## SUPPLIED MATERIAL:
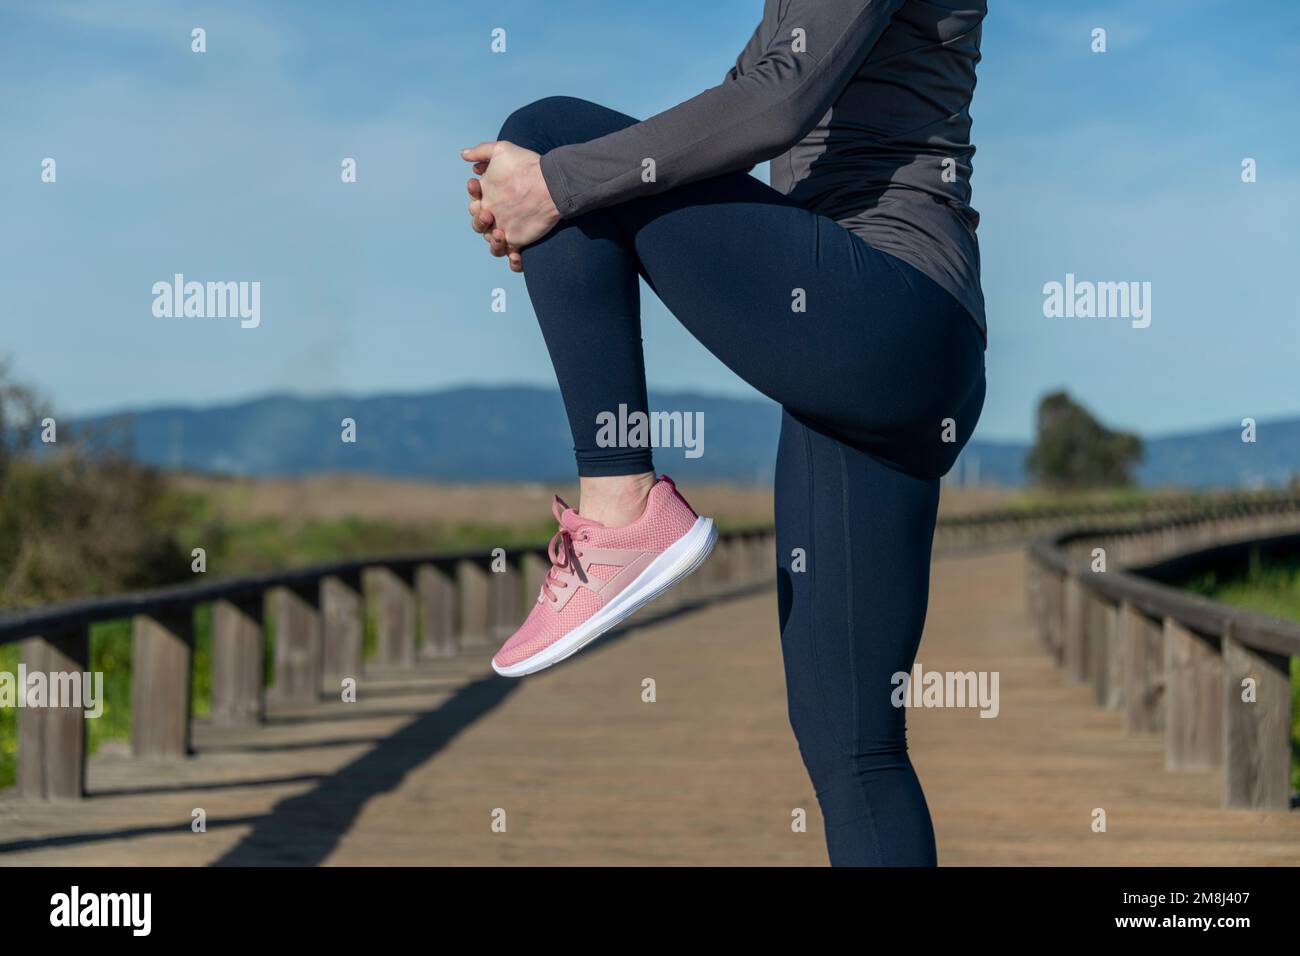 Beindehnung Training Trainingläuferin beim Laufen Warm-Up, dehnen sich die Oberschenkelmuskeln im Stehen mit einem Knie bis zur Brust. Stockfoto
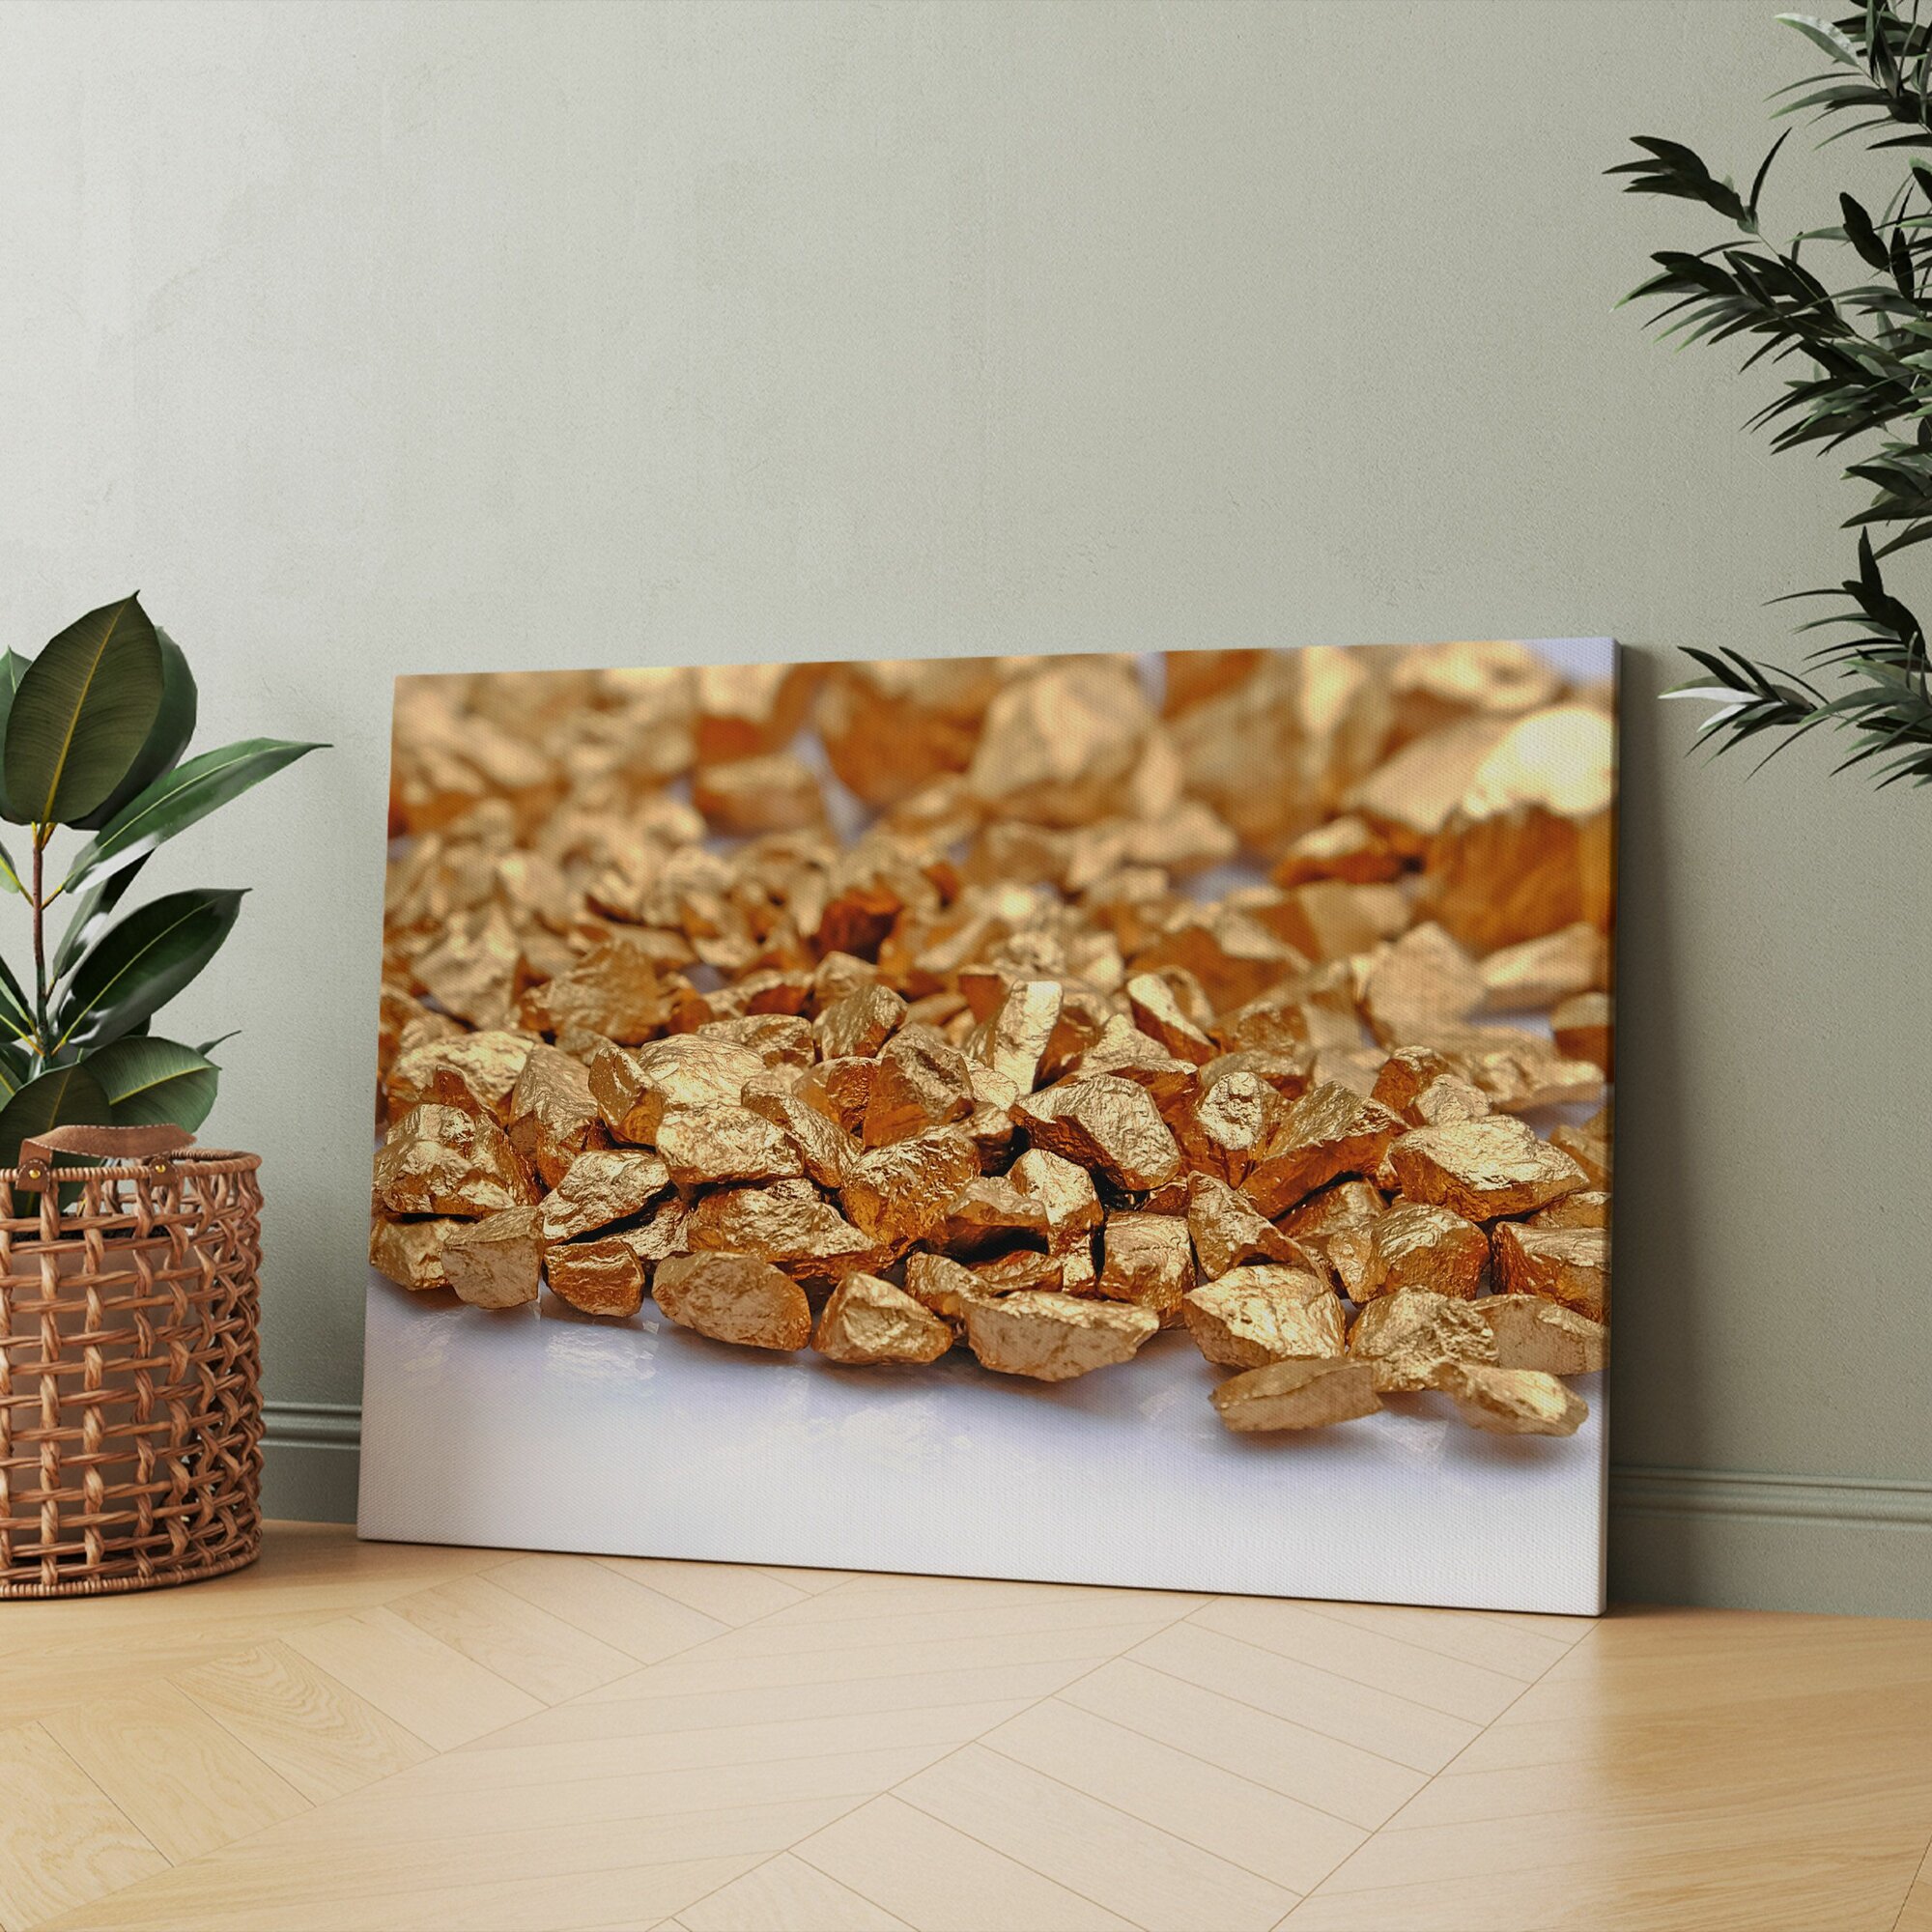 Картина на холсте "Куча золотых самородков на белой поверхности" 40x60 см. Интерьерная, на стену.
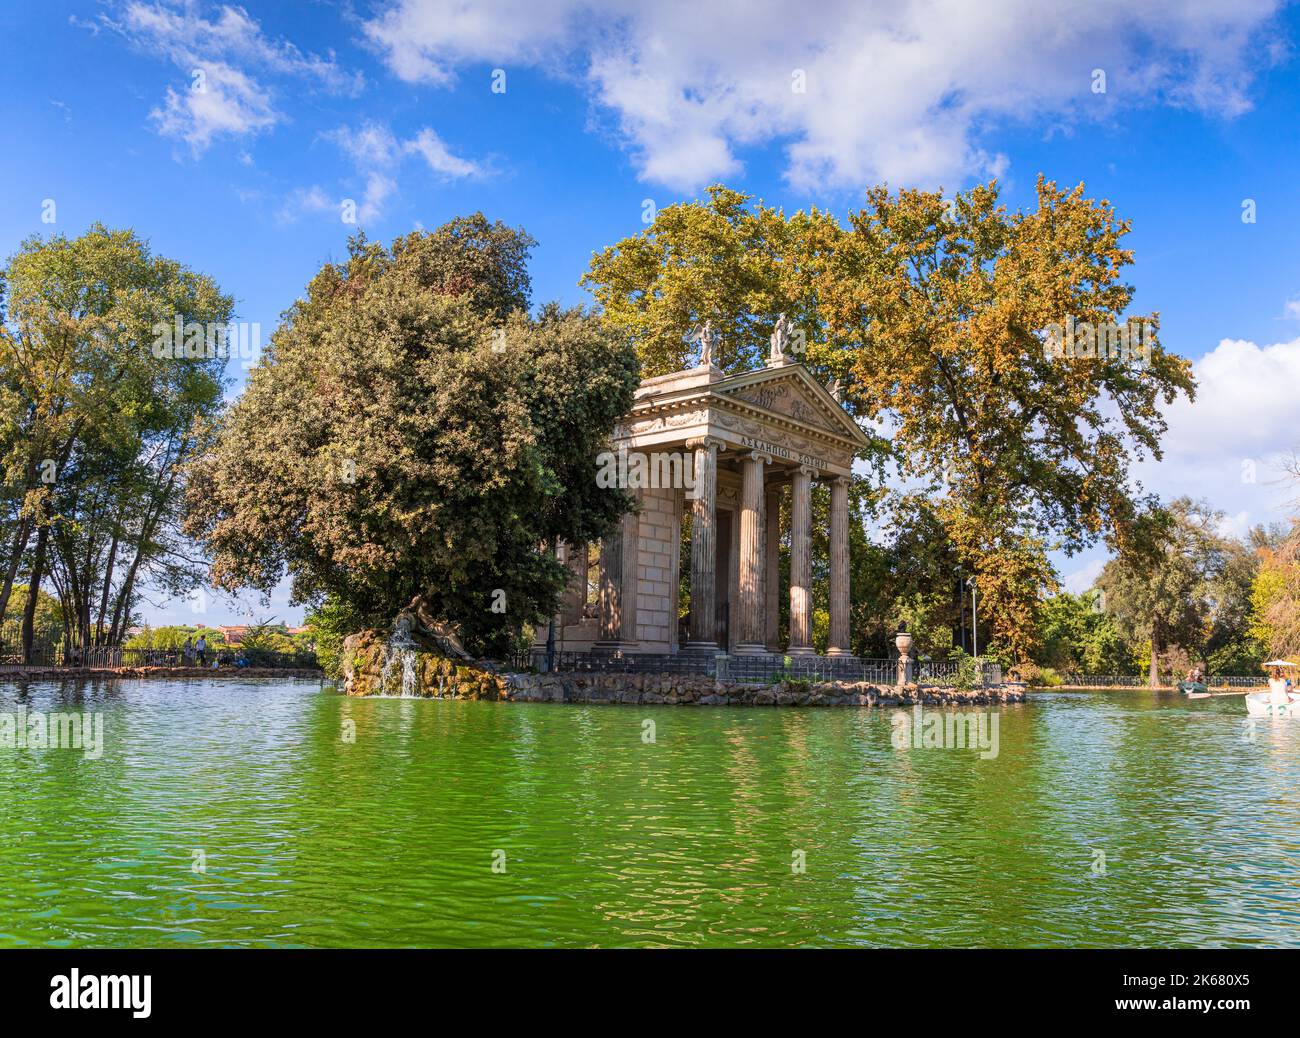 Temple d'Asclepius situé au milieu de la petite île sur le lac artificiel dans les jardins de la Villa Borghèse, Rome, Italie. Banque D'Images

## TASK ITEM:
Would you please output the listing above exactly, leaving out the pictures?

## ANSWER SECTION:
 Beindehnung Training Trainingläuferin beim Laufen Warm-Up, dehnen sich die Oberschenkelmuskeln im Stehen mit einem Knie bis zur Brust. Stockfoto
 Картина на холсте "Куча золотых самородков на белой поверхности" 40x60 см. Интерьерная, на стену.
 Temple d'Asclepius situé au milieu de la petite île sur le lac artificiel dans les jardins de la Villa Borghèse, Rome, Italie. Banque D'Images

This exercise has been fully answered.